In order to manage stress, you need to look at the whole picture. Look at this info graphic.
- Balanced nutrition is important. If you start eating a lot mor carbs and sugar, it is going to make your stress worse not better. Your body is not going to feel good and you are not going to have the nutritional components to heal yourself, keep your body working or provide energy to do what you need to do.
- Mindfulness Practice. Keep it simple. Take 10-20 minutes to be in the moment while you are feeding your kids, consuming a tasty meal, drinking your favorite tea or walking in the grass. Notice everything you see, hear, smell, feel on your skin and taste if applicable. Focus on those things not your internal dialogue.
- Physical Activity can help burn off anxious energy and stress. It also produces endorphins to help you feel better and can lower your heart rate and blood pressure. This includes walking, biking, Tai Chi, Yoga, Pilates, stretching or any regular rhythmic exercise.
- Quality sleep. If you are not getting a restful nights sleep than can increase your irritability, feeling like you are on edge, decrease your ability to learn and remember, and make it harder for you to function at work or at home.
- Instead of withdrawing from others, make sure you reach out to your support network. Tell someone you are not ok. Ask them for help in problem-solving. Ask for a fresher perspective on whatever is stressing you out. See if they have some other resources for you to utilize that you may not have considered.

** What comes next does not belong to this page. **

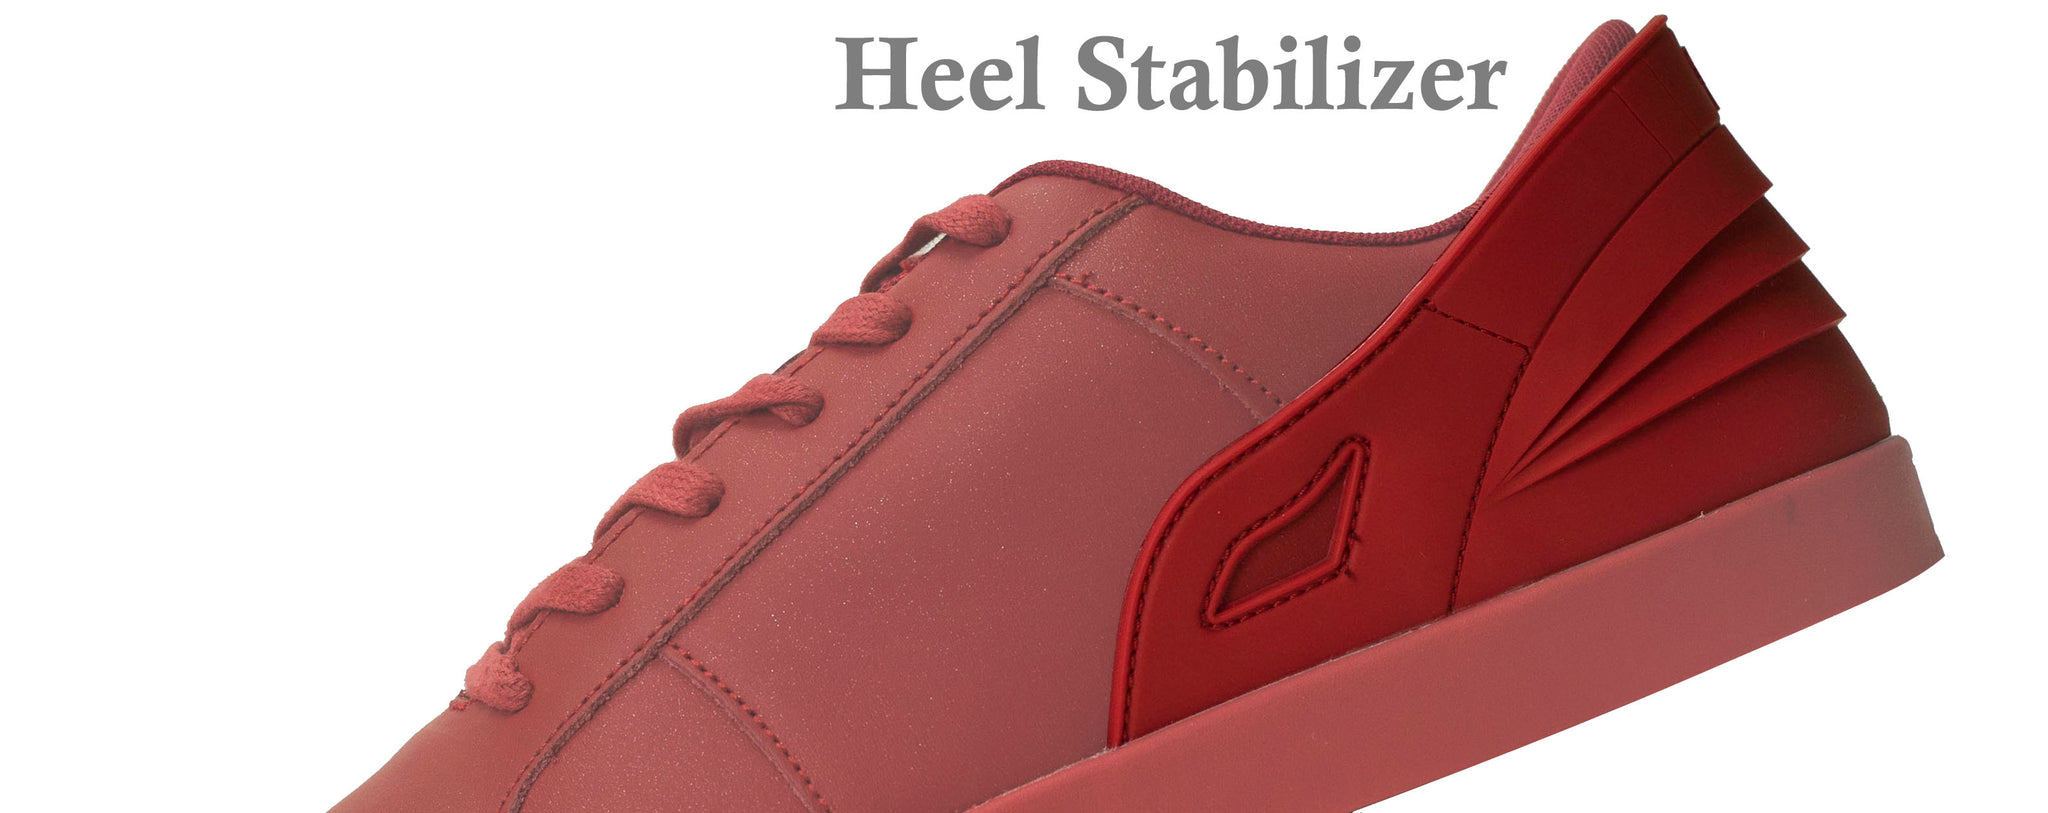 Triesti Shell: Light Feet Video & Heel Stabilzer

- Mental Health Care. If you have a therapist already. Reach out. Tell them that you are struggling. Sometimes, clients worry about disappointing their therapist by saying they are struggling when that is vital information to adjust the treatment. If you do not have a therapist. Call the crisis line 866-273-8255 or reach out to your local crisis lines. You should also reach out to your insurance provider to find providers in network for your insurance plan to get into therapy.